Debut Imran Khan yang disruptif dalam politik Pakistan dengan agenda yang tampaknya naif membuat Pathan Mianwali disayangi oleh para jenderal yang waspada, yang sampai saat itu harus terombang-ambing di antara politisi yang lebih keras di klan saingan Bhutto dan Sharif. Jenderal Pervez Musharaf diyakini telah menawarkan jabatan Perdana Menteri kepada Imran.

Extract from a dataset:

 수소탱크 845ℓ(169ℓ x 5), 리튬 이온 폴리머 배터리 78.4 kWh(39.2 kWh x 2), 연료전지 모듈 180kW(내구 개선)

Yang terakhir ini cukup cerdas untuk mengenali potensi statusnya sebagai ‘palsu’, mengingat pengalaman para Jenderal di masa lalu dan basa-basi mereka terhadap demokrasi. Meskipun ada penyangkalan berikutnya, Jenderal Musharaf baru-baru ini kembali mendukung Imran, dengan mengatakan bahwa ia adalah pilihan yang ‘lebih baik’ dibandingkan dengan PML-N dan PPP ~ “Popularitasnya sedang meningkat, dan ia memiliki potensi untuk mengubah negara, memperbaiki situasi dan melakukan sesuatu yang bermanfaat bagi Pakistan”.

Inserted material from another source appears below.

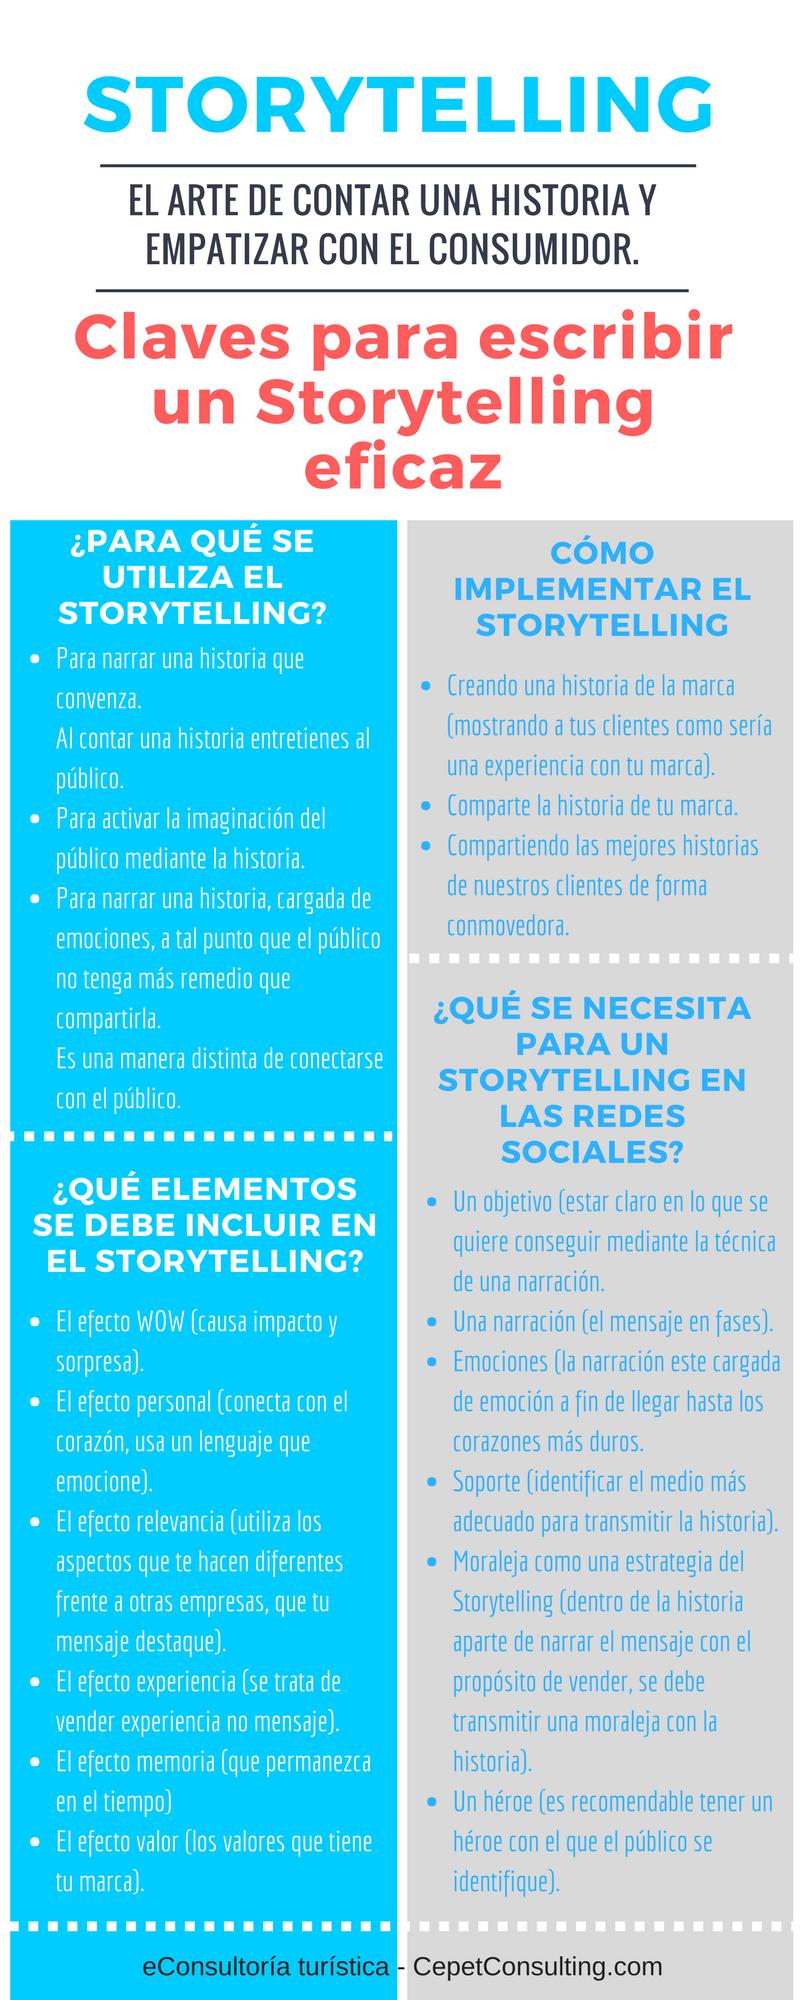 Infografía Claves para escribir un Storytelling eficaz.

Dalam Azadi March yang melumpuhkan dan menyertai protes jalanan pada tahun 2014,
Imran Khan bersama ulama Muhammad Tahir-ul-Qadri menciptakan kebuntuan politik, fisik dan moral bagi dispensasi PML-N yang berkuasa. Ada desas-desus bahwa militer Pakistan-lah yang mengatur protes tersebut untuk mengendalikan partai politik yang berkuasa. Pihak militer mungkin telah menyadari bahwa pengelolaan yang lebih dilakukan di belakang layar, dengan menyamar sebagai pemerintahan sipil, lebih cocok untuk semua pemangku kepentingan domestik dan internasional.
Diktator militer, khususnya Ayub Khan, Zia-ul-Haq dan Pervez Musharaf, cenderung menjadi tidak populer seiring berjalannya waktu. Untuk pengaturan di balik layar ini, pemerintahan sipil yang ‘selaras’ sangatlah penting. Persoalan utama ‘penyelarasan’ militer adalah mempertahankan anggaran yang sangat besar, keputusan akhir dalam urusan luar negeri dan faktor India, dan kepemilikan yang sangat berharga dalam program nuklir karena hal ini semakin memperkuat posisi militer. ~ psikologis, emosional dan internasional.
Jadi, setiap kali Nawaz Sharif menawarkan pemulihan hubungan atau dialog dengan India, hal itu akan selalu ditindaklanjuti dengan serangan teror besar-besaran di India untuk menggagalkan proses tersebut. Saat ini, mengingat retaknya hubungan antara Angkatan Darat Pakistan dan PML-N yang berkuasa, dan dengan ketidaknyamanan institusional yang serupa dengan PPP, Markas Besar Rawalpindi diserahkan kepada Imran Khan sebagai pilihan utama atau ladla.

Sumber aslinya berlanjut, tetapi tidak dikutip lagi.